Sciences in Cold and Arid Regions  2016, 8 (3): 187-195   PDF    

Article Information

Bo Xie Sheng, Jun Qu Jian, Wang Tao . 2016.
Wind tunnel simulation of the effects of freeze–thaw cycles on soil erosion in the Qinghai–Tibet Plateau
Sciences in Cold and Arid Regions, 8(3): 187-195
http://dx.doi.org/10.3724/SP.J.1226.2016.00187.

Article History

Received: February 22, 2016
Accepted: May 03, 2016
Wind tunnel simulation of the effects of freeze–thaw cycles on soil erosion in the Qinghai–Tibet Plateau
Bo Xie Sheng, Jun Qu Jian, Wang Tao     
Key Laboratory of Desert and Desertification/Dunhuang Gobi and Desert Research Station/State Key Laboratory of Frozen Soil Engineering, Cold and Arid Regions Environmental and Engineering Research Institute, Chinese Academy of Sciences, Lanzhou, Gansu 730000, China
Abstract: Intense freezing and thawing actions occur in the Qinghai-Tibet Plateau because of its high elevation and cold temperature. The plateau's unique environment makes it easy to generate wind erosion under dry, windy weather conditions, resulting in the emergence of desertification. As a major form of freeze-thaw erosion, freeze-thaw and wind erosion is displayed prominently on the Qinghai-Tibet Plateau. Therefore, in this study, soil samples were collected from the surface of the plateau to undergo freeze-thaw and wind erosion simulation experiments. Results show that wind erosion strength increases with an increasing number of freeze-thaw cycles, water content in the freezing-thawing process, and the difference in freeze-thaw temperatures. Therefore, in the conditions of water participation, the main reason for the freeze-thaw and wind erosion in the Qinghai-Tibet Plateau is the damage to the soil structure by repeated, fierce freeze-thaw actions, and the sand-bearing wind is the main driving force for this process.
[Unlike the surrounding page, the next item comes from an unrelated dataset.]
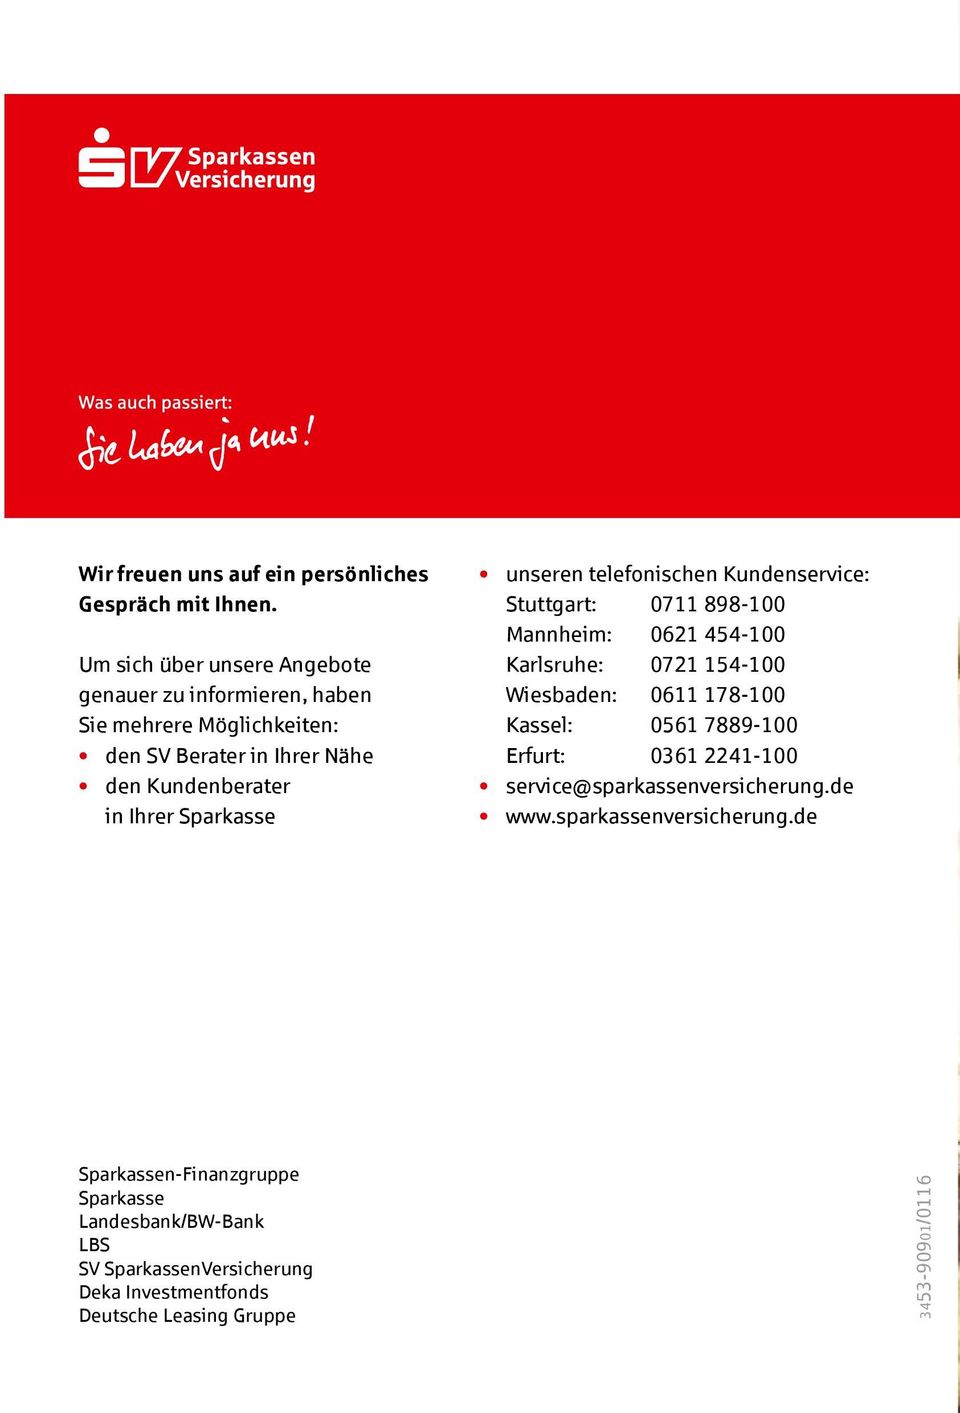 Sparkasse unseren telefonischen Kundenservice: Stuttgart: 0711 898-100 Mannheim: 0621 454-100 Karlsruhe: 0721 154-100 Wiesbaden: 0611 178-100

The research results have theoretical significance for exploring the formation mechanism of freeze-thaw and wind erosion in the Qinghai-Tibet Plateau, and provide a scientific basis for freeze-thaw desertification control in the plateau.
Key words: freeze-thaw cycles     wind erosion strength     wind tunnel simulation     Qinghai-Tibet Plateau    
1 Introduction

Freeze-thaw erosion refers to the whole process of volume change and expansion-shrinkage difference of different minerals in soil or rock, including the rock body, mechanical destruction and material transport under gravity of the soil body or rock, as well as the migration and deposition processes in the alpine frost region because of temperature variations (Zhang et al., 2007). Freeze-thaw erosion mostly occurs in cold regions at high latitude and altitude. Freeze-thaw erosion is China's third major type of soil erosion after wind and water erosion. The second National Soil Erosion Remote Sensing Survey and Statistical Data indicate that 1.27×106 km2 of freeze-thaw erosion land in China account for 35.6% of the country's total soil erosion area, or approximately 13.36% of the total land area in China. This type of erosion mainly occurs in northeastern China, the mountainous region of northwestern China, and the Qinghai-Tibet Plateau region (Wang et al., 2008). Soil erosion in the Qinghai-Tibet Plateau is dominated by freeze-thaw erosion, which occurs in the alpine frost zone at an average elevation exceeding 4, 000 m (Dong et al., 2000). The plateau has the most concentrated distribution and most severe freeze-thaw erosion in China, which covers an area of 1.04×106 km2, accounting for 82% of China's total freeze-thaw erosion area. Eroded product from the Qinghai-Tibet Plateau is one of the main sediment sources of the Yangtze, Yellow, and Lancang rivers (Fan and Cai, 2003). Freeze-thaw erosion is a major eco-environmental problem facing the Qinghai-Tibet Plateau (Dong et al., 2000).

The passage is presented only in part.